Often, the bottlenecks in performance will be an example of counting cows by counting legs and dividing by four, instead of counting heads. For example, I’ve made errors such as failing to provide a relational database system with a proper index on a column I look up a lot, which probably made it at least 20 times slower. Other examples include doing unnecessary I/O in inner loops, leaving in debugging statements that are no longer needed, unnecessary memory allocation, and, in particular, inexpert use of libraries and other subsystems that are often poorly documented with respect to performance. This kind of improvement is sometimes called low-hanging fruit, meaning that it can be easily picked to provide some benefit.
What do you do when you start to run out of low-hanging fruit? Well, you can reach higher, or chop the tree down. You can continue making small improvements or you can seriously redesign a system or a subsystem. (This is a great opportunity to use your skills as a good programmer, not only in the new design but also in convincing your boss that this is a good idea.) However, before you argue for the redesign of a subsystem, you should ask yourself whether or not your proposal will make it five to ten time better.
How to Know When to Apply Fancy Computer Science
There is a body of knowledge about algorithms, data structures, mathematics, and other gee-whiz stuff that most programmers know about but rarely use. In practice, this wonderful stuff is too complicated and generally unnecessary.

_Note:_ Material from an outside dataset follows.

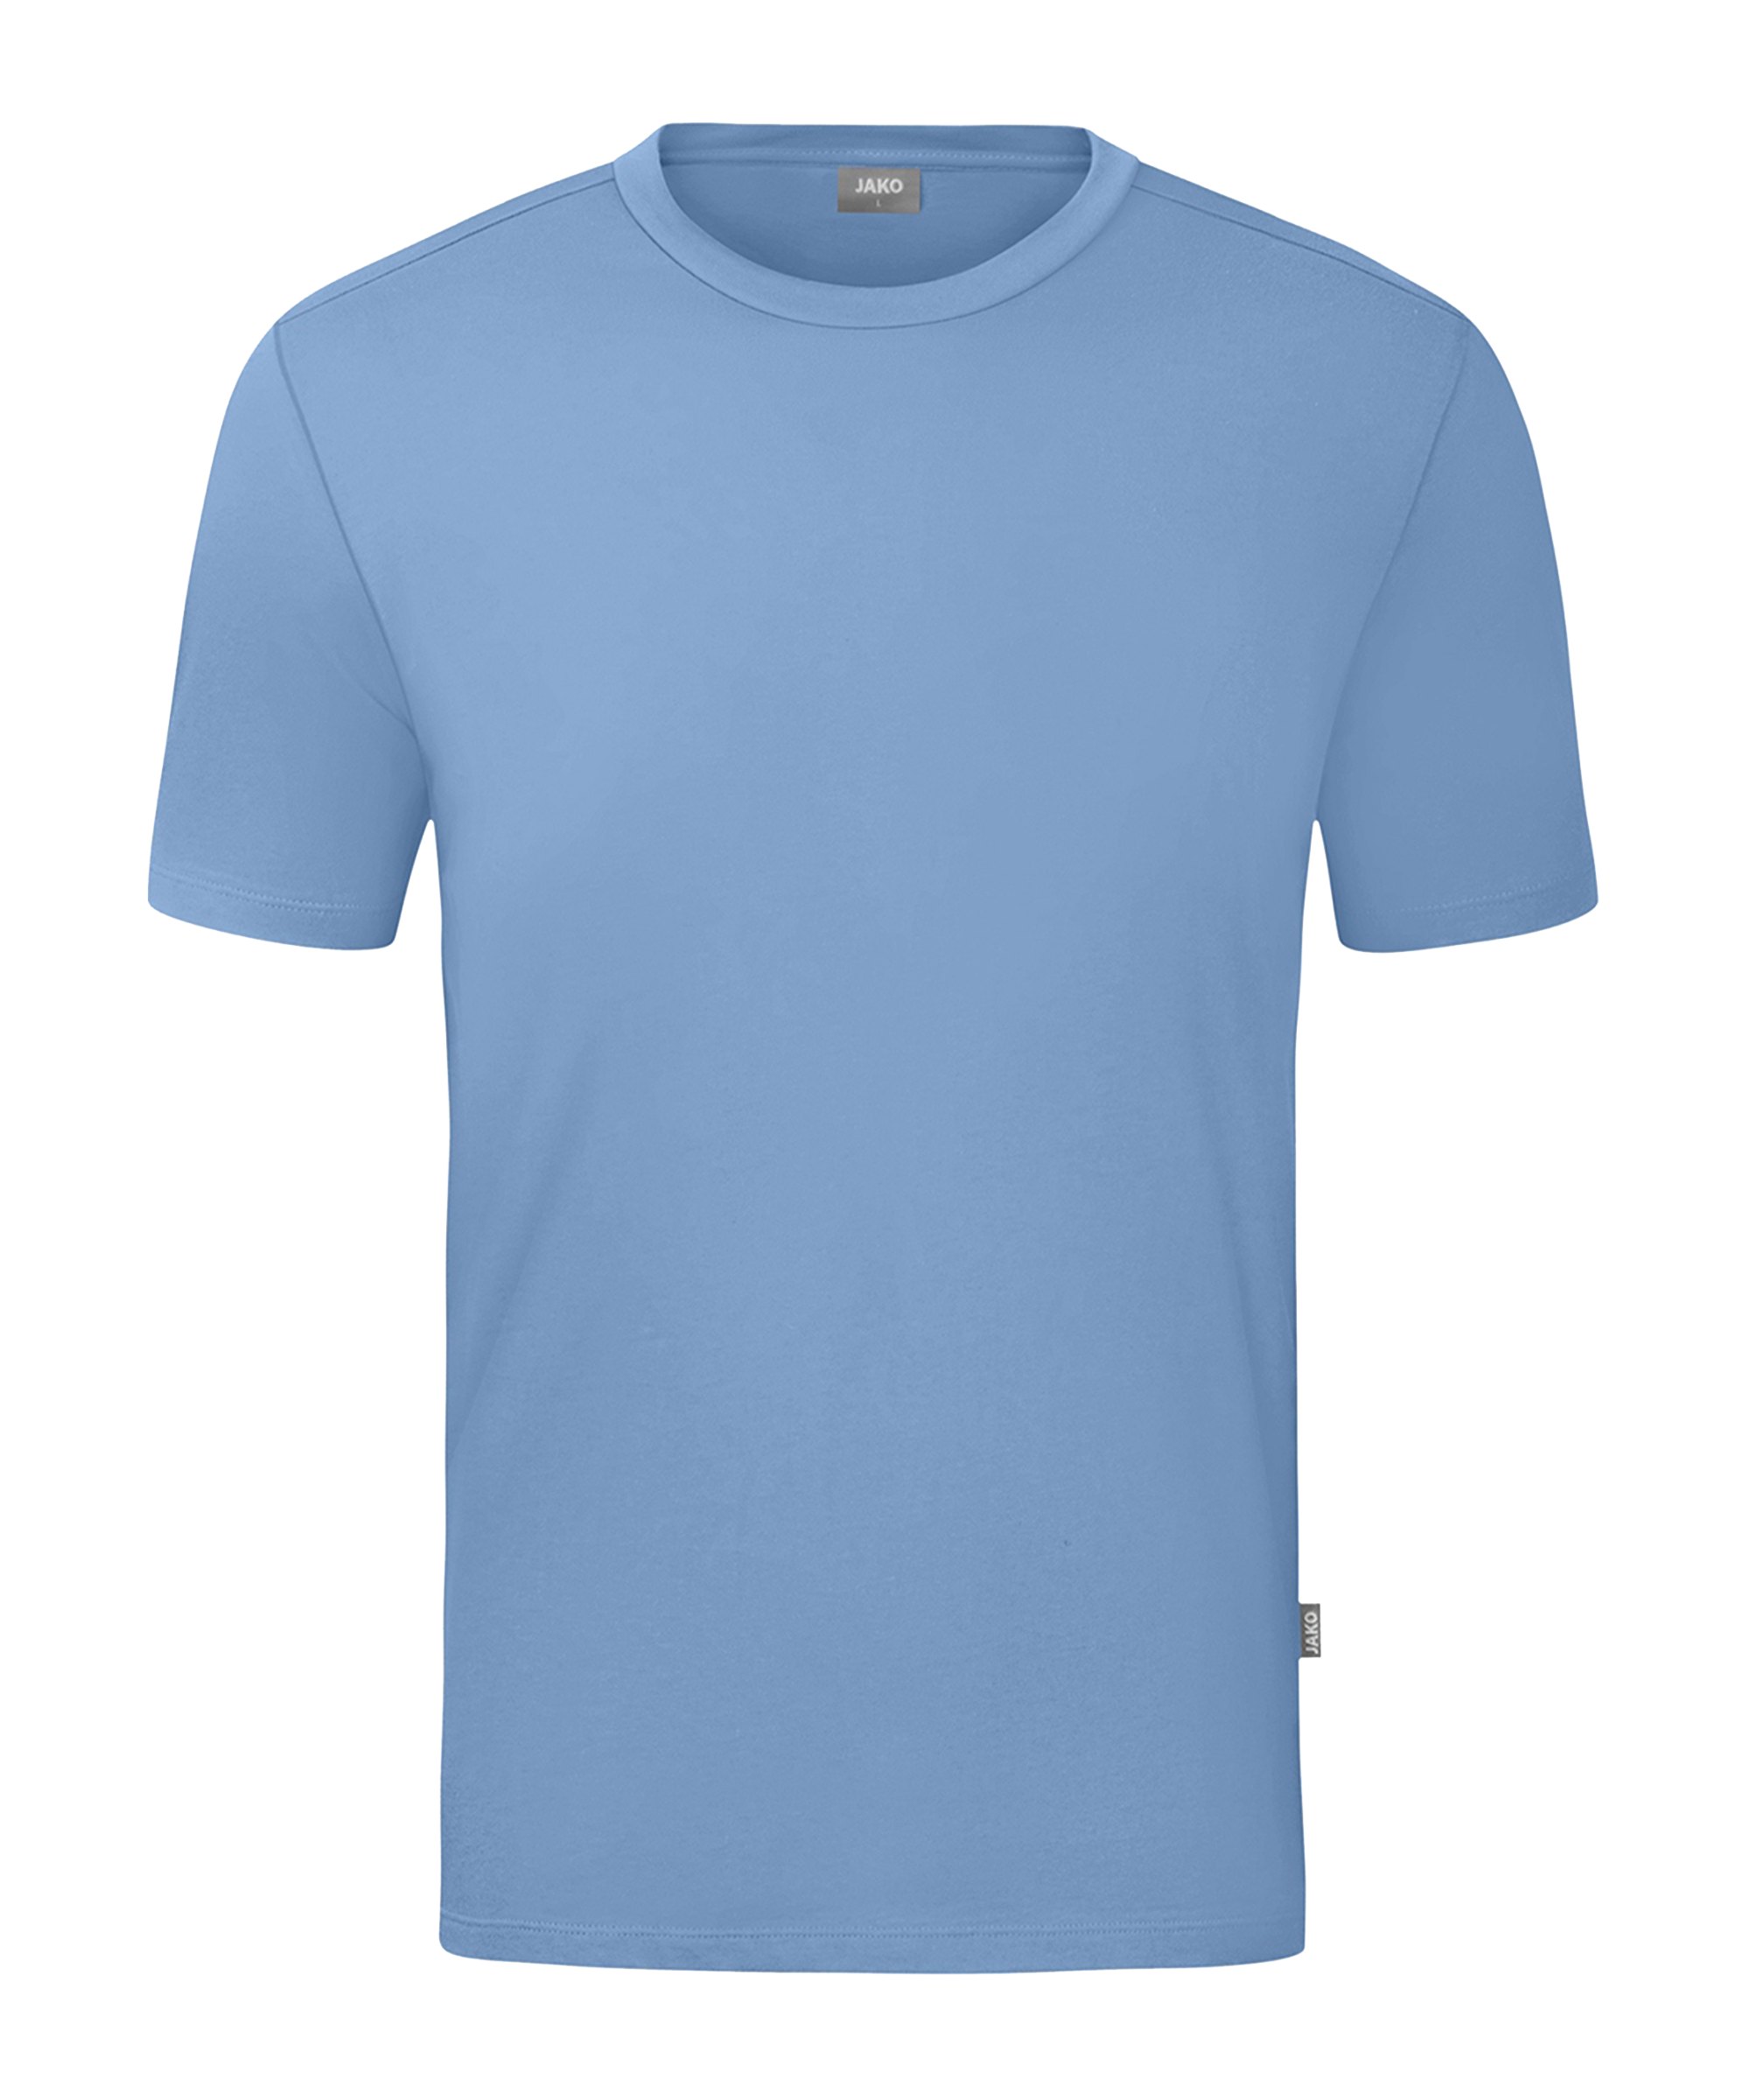 JAKO Organic T-Shirt Kids Blau F460 - blau

There is no point in improving an algorithm when most of your time is spent making inefficient database calls, for instance. An unfortunate amount of programming consists of getting systems to talk to each other and using very simple data structures to build a nice user interface.
When is high technology the appropriate technology? When should you crack a book to get something other than a run-of-the-mill algorithm? It is sometimes useful to do this but it should be evaluated carefully.
The three most important considerations for the potential computer science technique are:
- Is it well encapsulated so that the risk to other systems is low and the overall increase in complexity and maintenance cost is low?
- Is the benefit startling (for example, a factor of two in a mature system or a factor of ten in a new system)?
- Will you be able to test and evaluate it effectively?
If a well-isolated algorithm that uses a slightly fancy algorithm can decrease hardware cost or increase performance by a factor of two across an entire system, then it would be criminal not to consider it. One of the keys to arguing for such an approach is to show that the risk is really quite low, since the proposed technology has probably been well studied, the only issue is the risk of integration. Here a programmer’s experience and judgment can truly synergize with the fancy technology to make integration easy.